=== Section Start ===

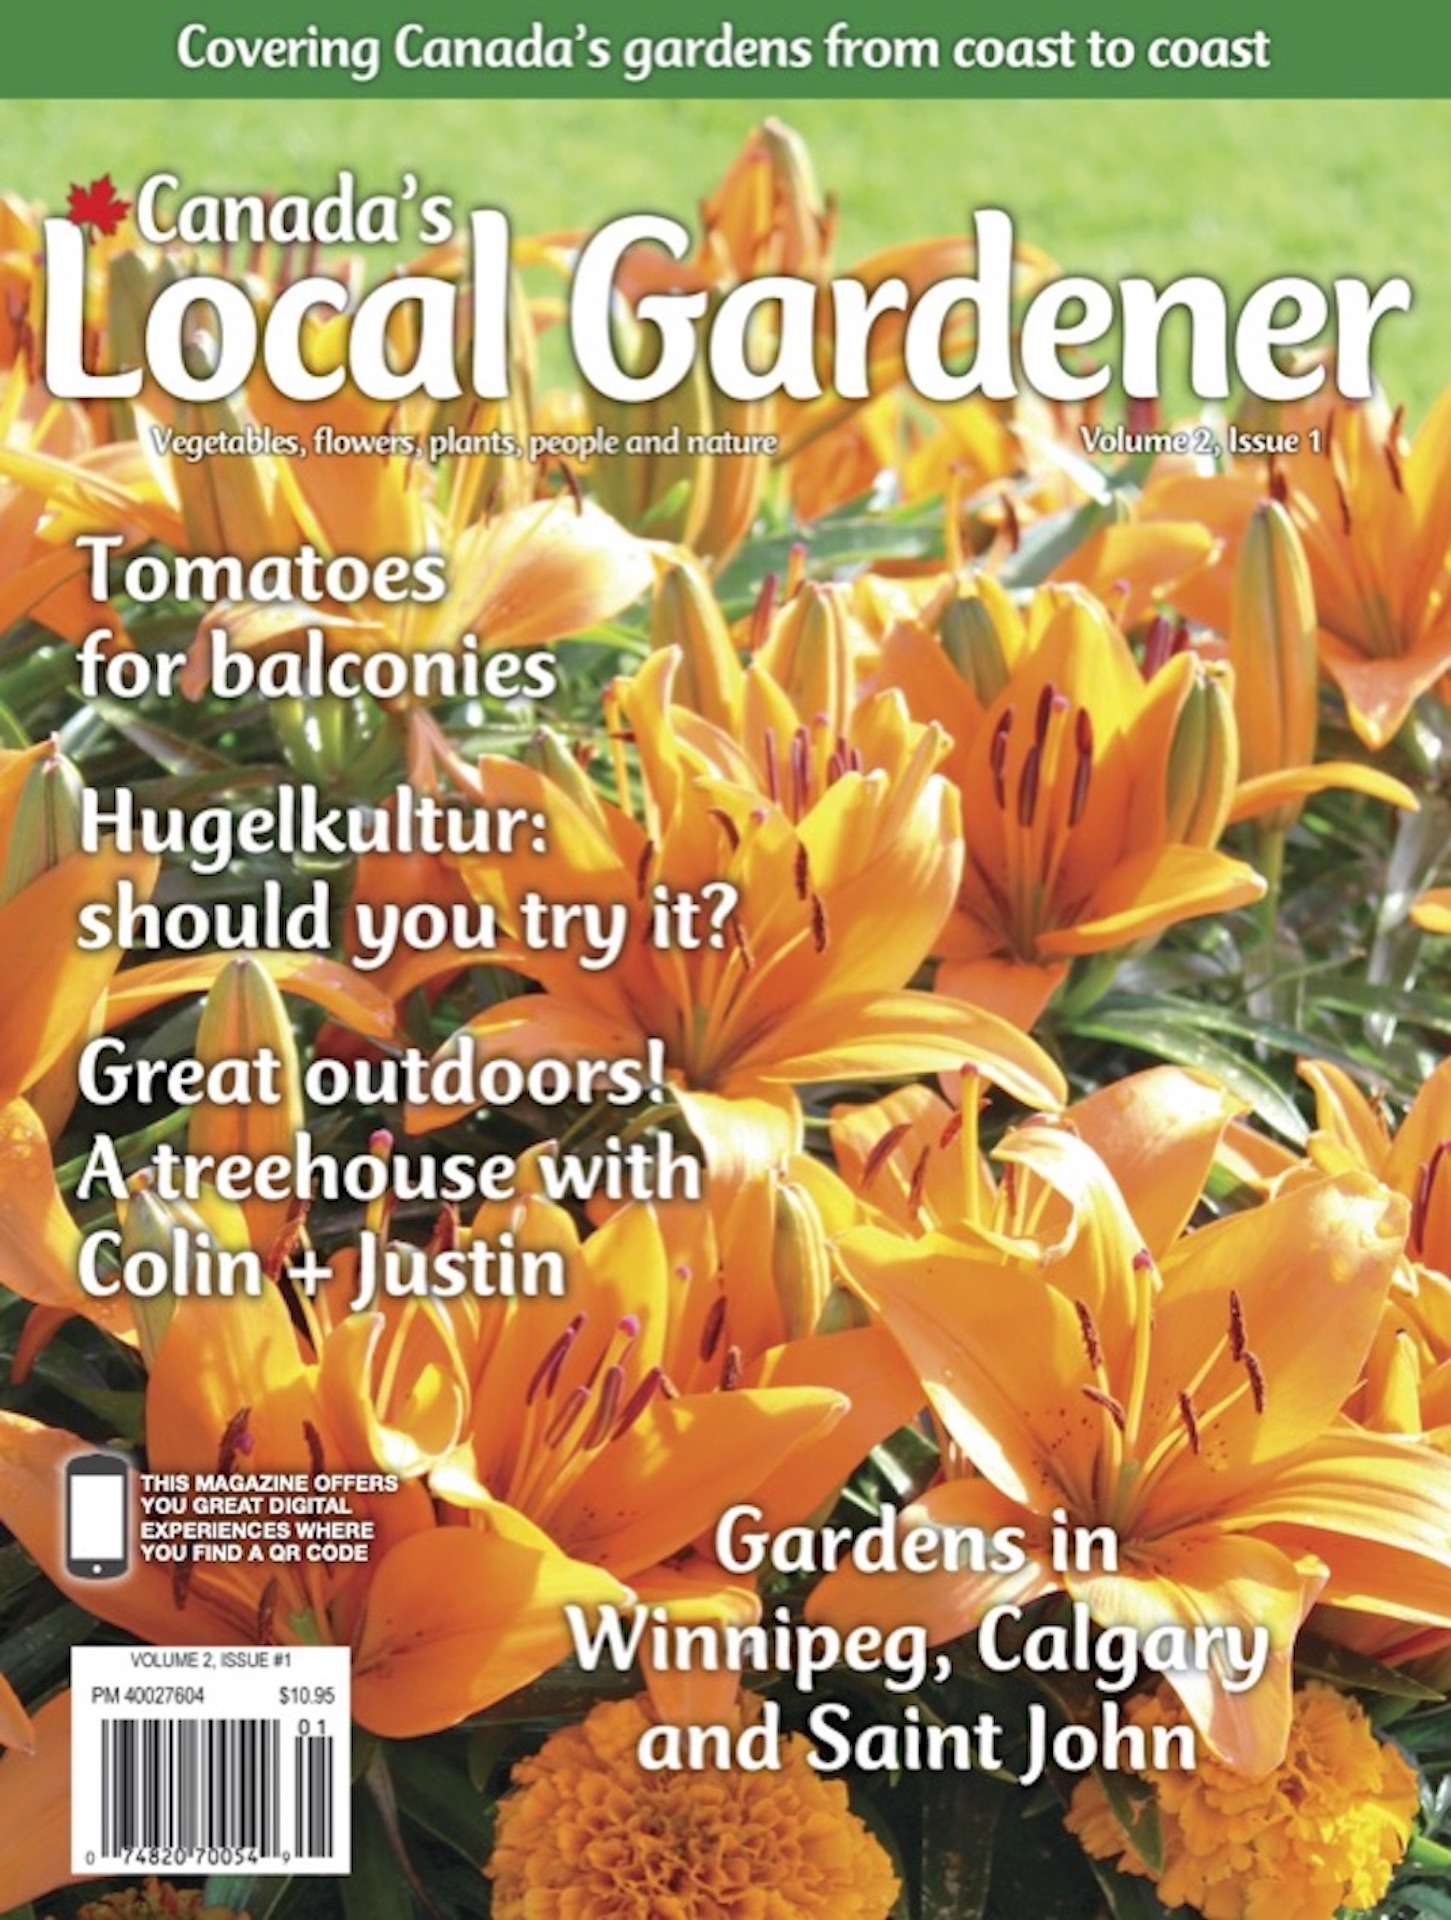 Nouveau magazine de jardinage pancanadien
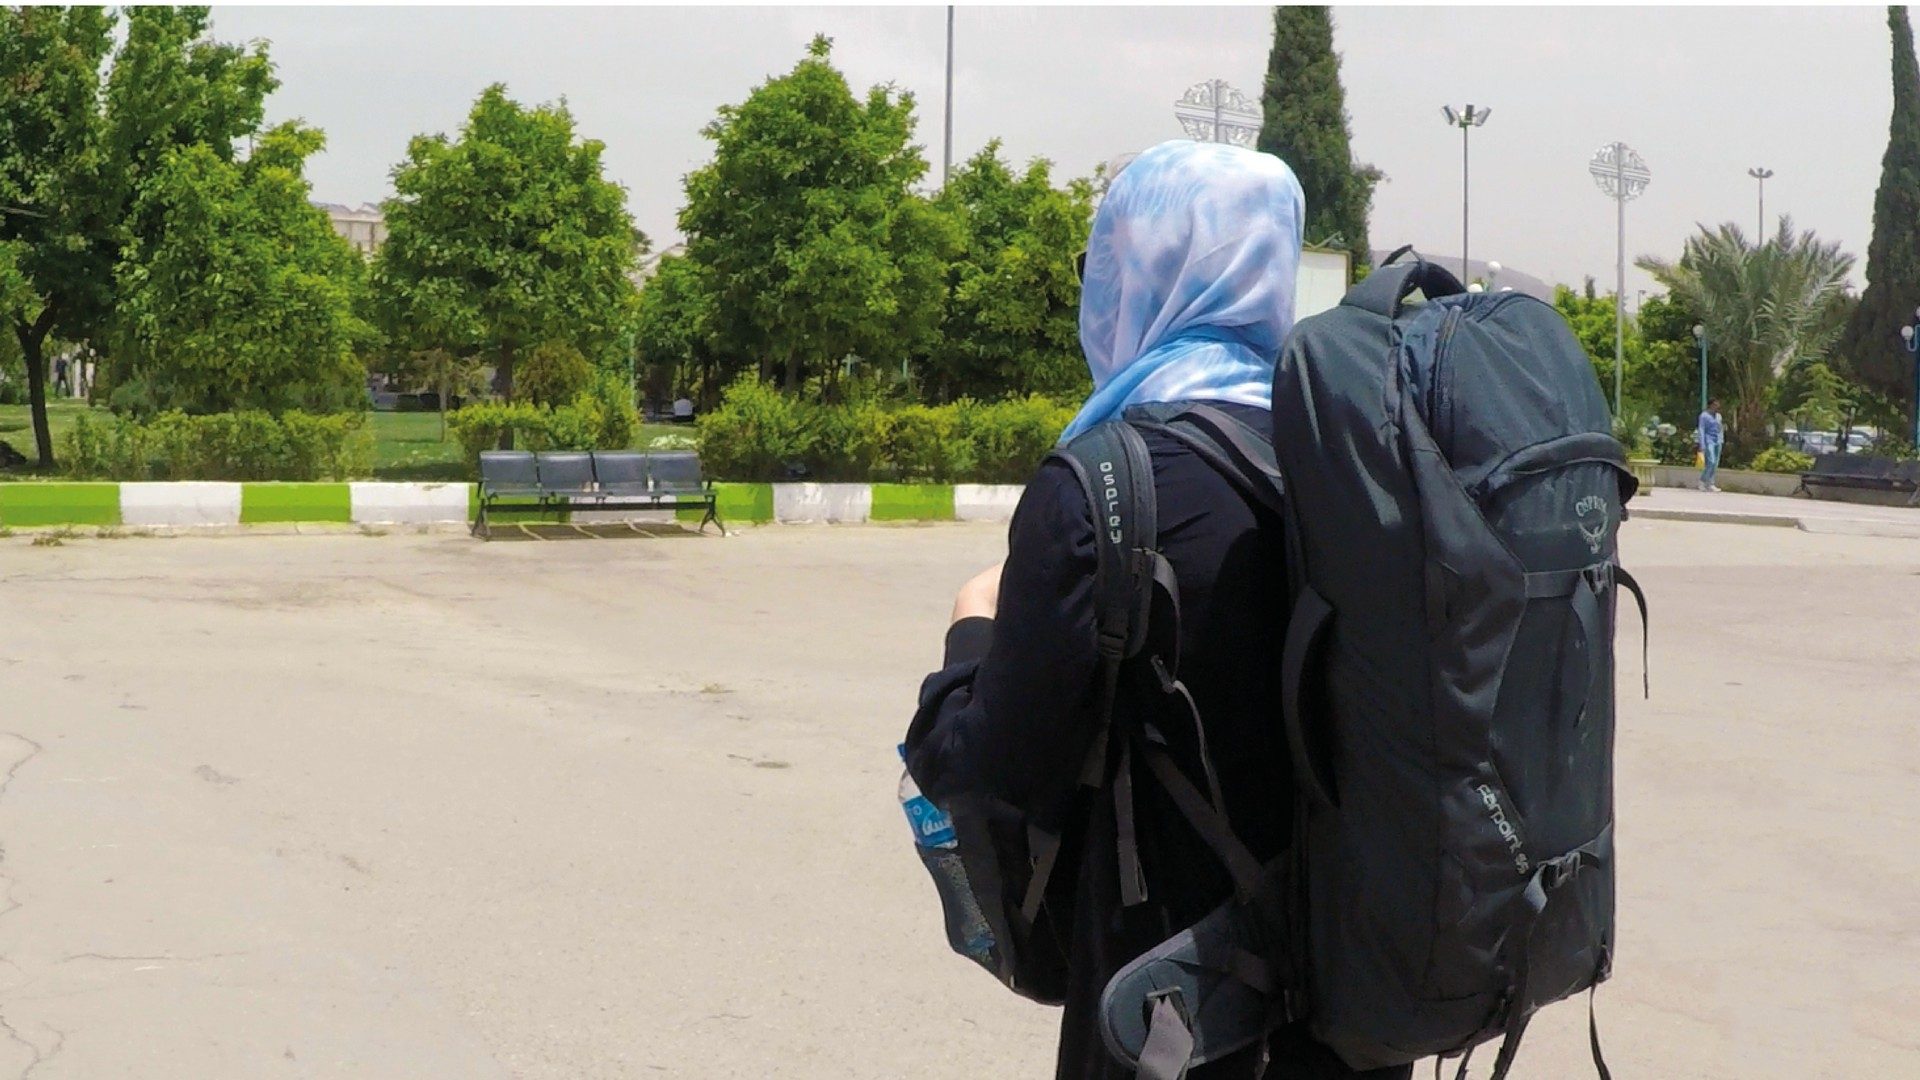 backpacken in iran solo
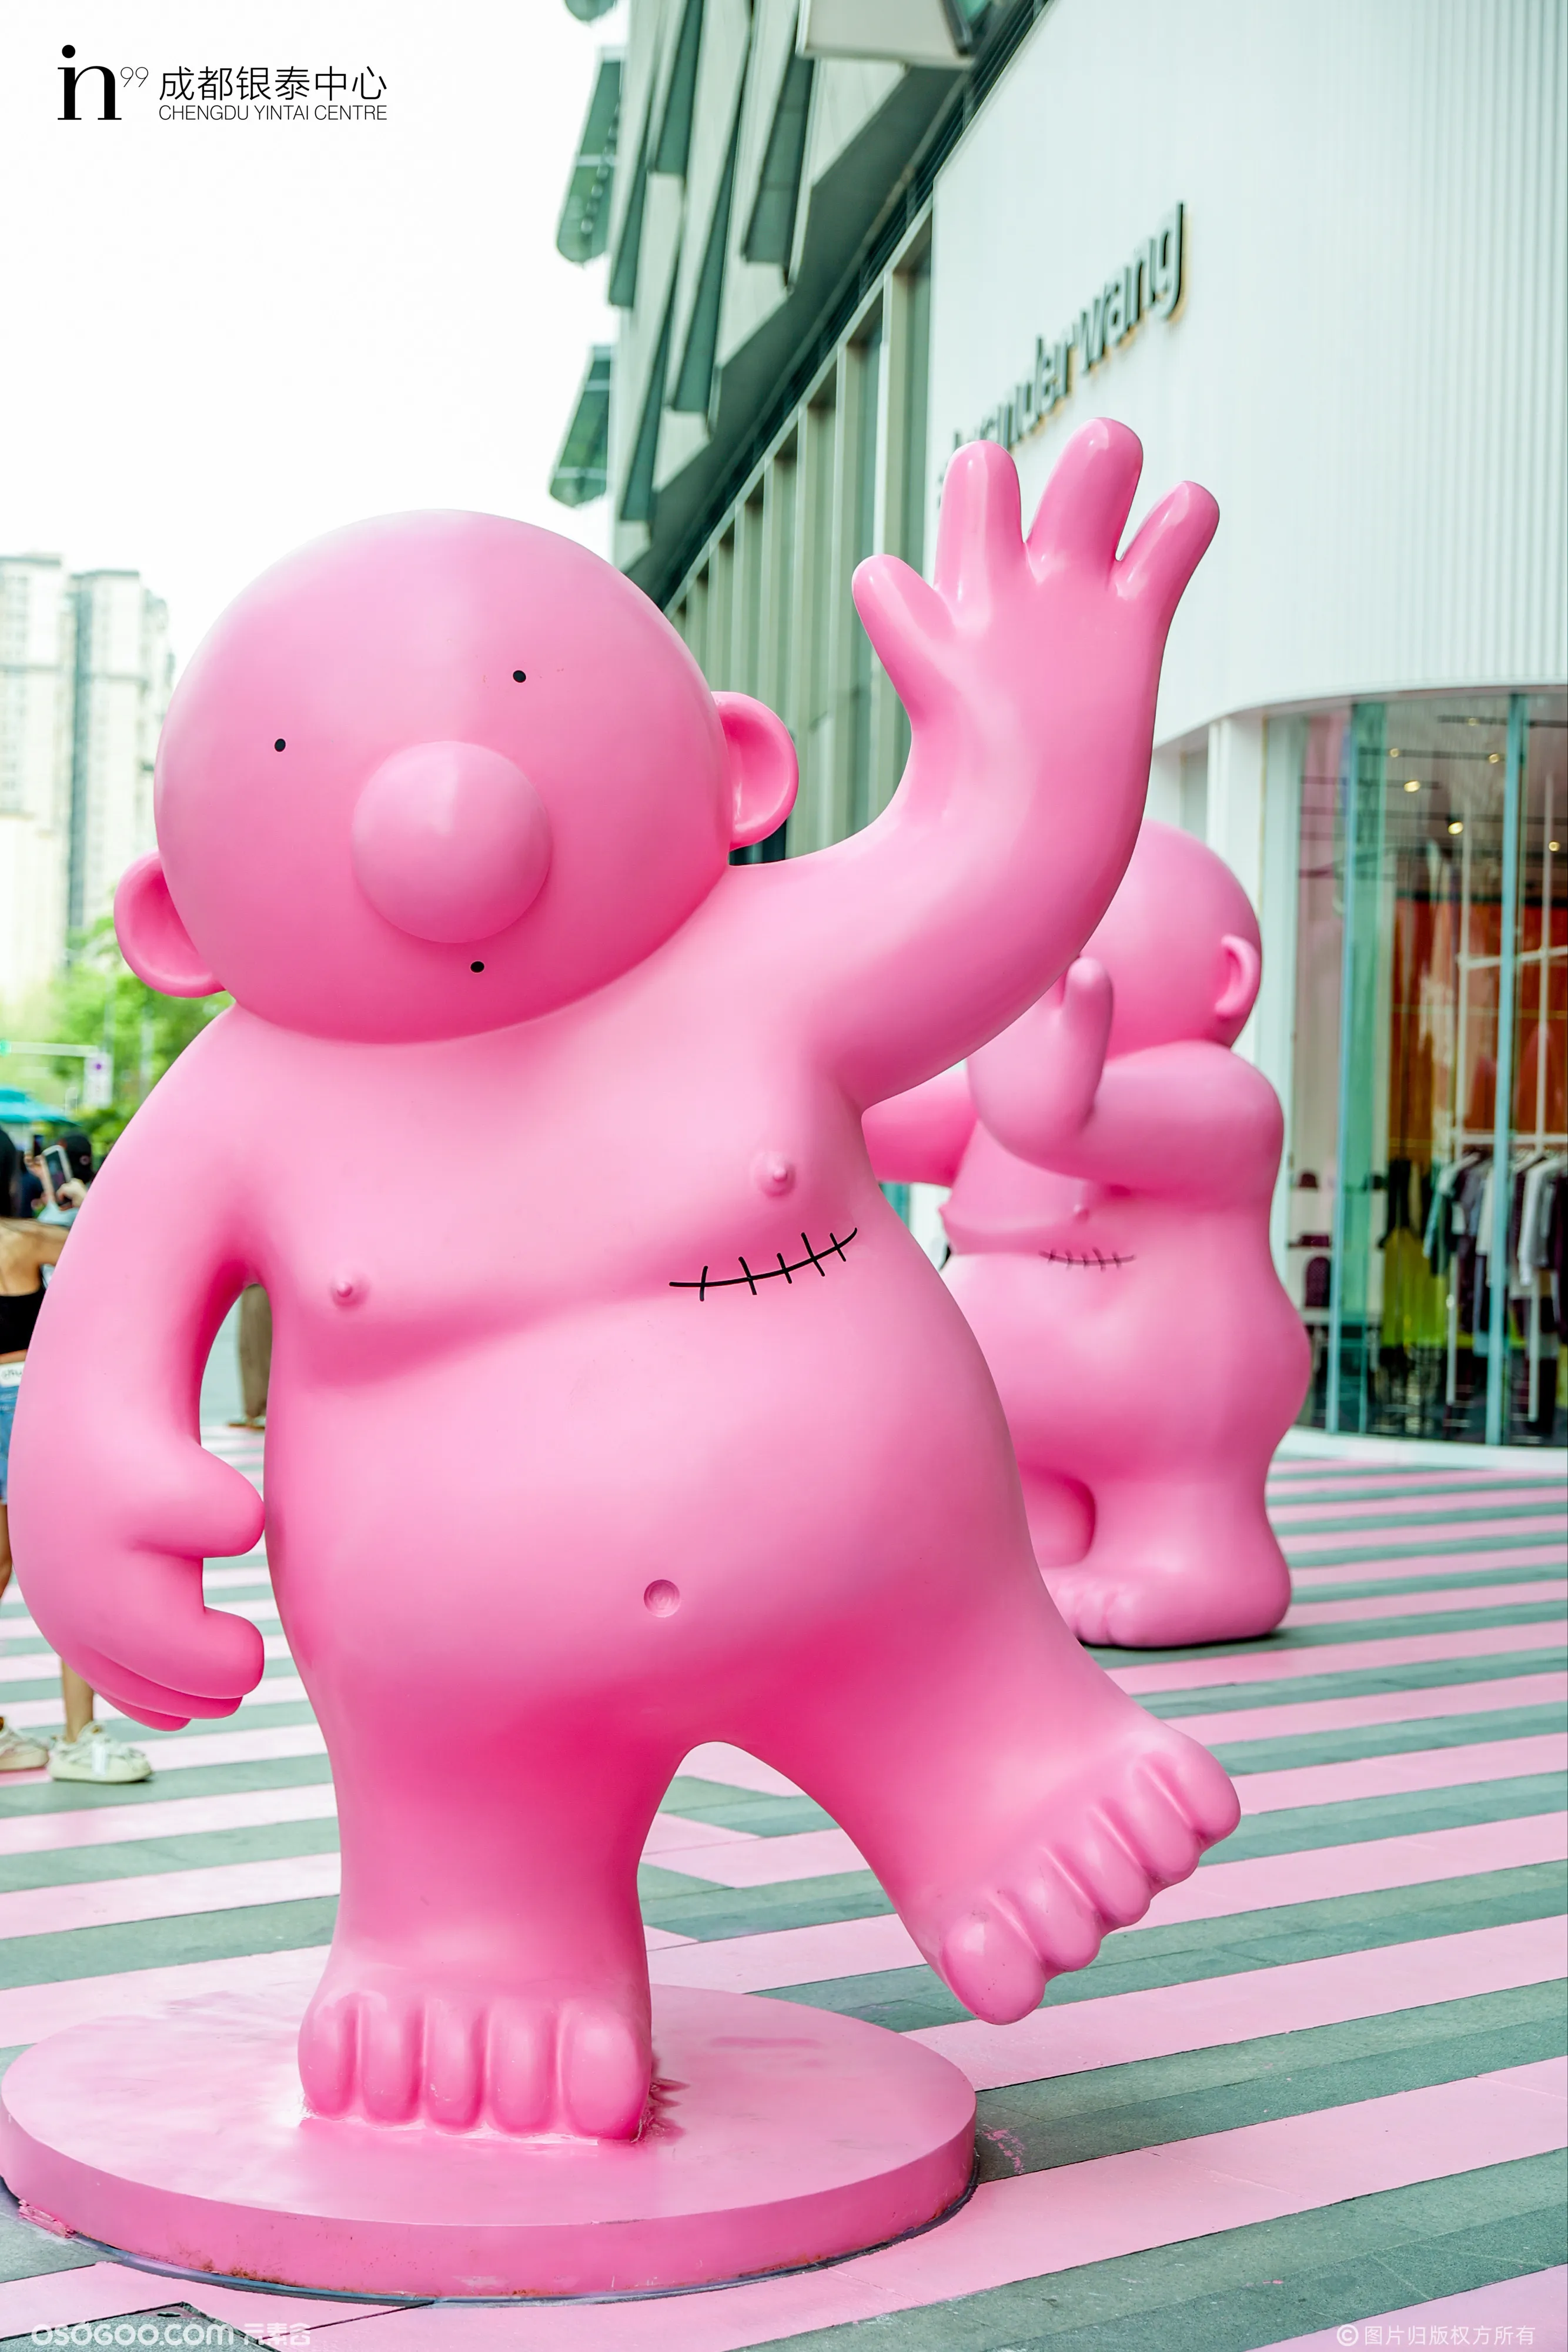 一眼就爱上粉粉小胖娃「 Mr.Rose巨型小粉娃中国首展 」

=== Section End ===

BRIEF
Once the line with "backpacken in iran solo" is found, output it and every line after it through the end of the listing, exactly, without pictures.

ANSWER TO THIS PROBLEM
 backpacken in iran solo
 一眼就爱上粉粉小胖娃「 Mr.Rose巨型小粉娃中国首展 」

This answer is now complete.